Jon Culshaw is Flying High with Les in Chorley

Published: 12 July 2022
Reporter: David Upton

Jon Culshaw as Les Dawson Credit: Steve Ullathorne

When actor, comedian and impressionist Jon Culshaw takes to the stage of his hometown’s Chorley Theatre on Sunday night, one funnyman with deep Lancashire roots will be paying tribute to another...

It will also be a ‘sneak’ preview of a performance that’s set to première at Edinburgh Festival before going on a national tour that sees it return to the county for several more dates.

Les Dawson: Flying High is a homage and celebration of the comedy legend Les Dawson, who was born in Manchester but made his home on the Fylde coast, in Lytham St Annes, whilst Jon was born in Ormskirk and had one of his first big breaks as a radio presenter on Blackpool’s local broadcaster Radio Wave.

And this new production is written by Tim Whitnall, whose breakout play Morecambe—about the life and times of another legendary Lancashire comedian, Eric Morecambe—also debuted at Edinburgh before winning an Olivier award in London.

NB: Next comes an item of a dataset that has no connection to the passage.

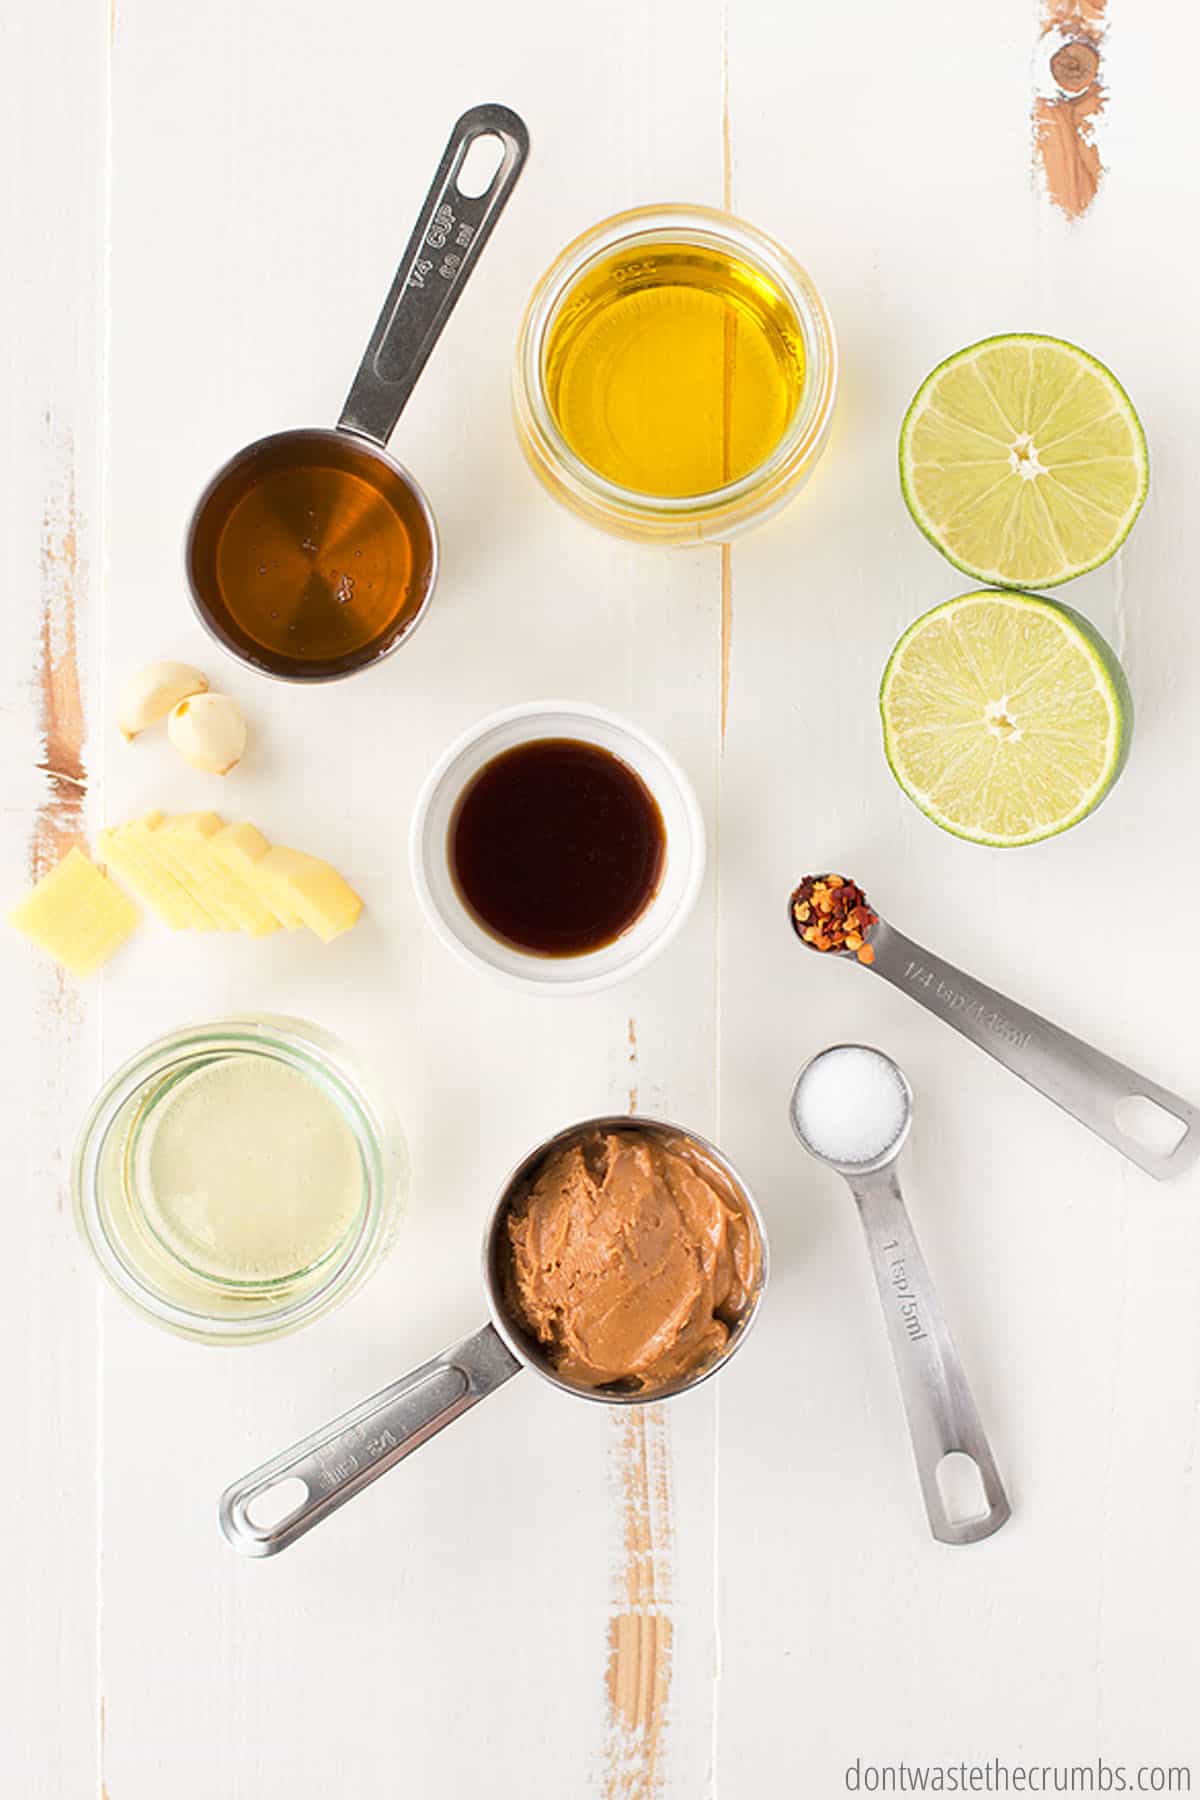 Shown are all the measured ingredients needed for Thai peanut sauce: halved limes, honey, rice vinegar, soy sauce, garlic, sliced ginger, red pepper, salt, peanut butter, sugar, and maple syrup.

In Les Dawson: Flying High, Jon Culshaw aims for a performance that goes beyond a basic recounting of Dawson’s life, to explore contemporary themes such as mortality, identity, love, kindness, spiritual beliefs or even ambition as he travels on Concorde, at twice the speed of sound, 68,000 feet above the Earth.

Whitnall’s writing analyses happy moments, trials, and tribulations of the comedian’s life with a more philosophical approach that also looks at his subject’s literary talent and the origins of a successful life.

Growing up, Les, a self-declared ‘slum kid’, yearned to be recognised for his writing prowess, and to transform a passion for literature into a full-time profession. Simultaneously, he discovered his ability to make people laugh and carried this ambition into adulthood, reflected in his memoirs No Tears for the Clown.

The autobiography acted as a pool of information for Tim Whitnall. His play also uses a variety of audio-visual effects.

Jon Culshaw, often regarded as Britain’s best impressionist, now has a catalogue of more than 350 characters, ranging from John Bishop to Barack Obama, Professor Brian Cox to Michael Gove. It makes him a mainstay of Radio 4’s Dead Ringers comedy half-hour.

In 2018, he also gave a unique performance as music icon David Bowie in the dramatic play The Final Take: Bowie in the Studio, also for BBC Radio.

Earlier this year, he also ‘became’ Hughie Green in another Tim Whitnall play, Lena, about the life of singer Lena Zavaroni—also destined for a national tour.

Jon’s latest performance is directed by Bob Golding, himself an actor and voice actor who has been behind a variety of work in his 33-year career including a previous five-star Edinburgh fringe festival play, A Man Called Monkhouse, as well as playing the title role in Tim Whitnall's Morecambe.

After the Edinburgh dates in August, there are performances in Lancaster and Salford, besides two final dates in Lytham St Annes in December.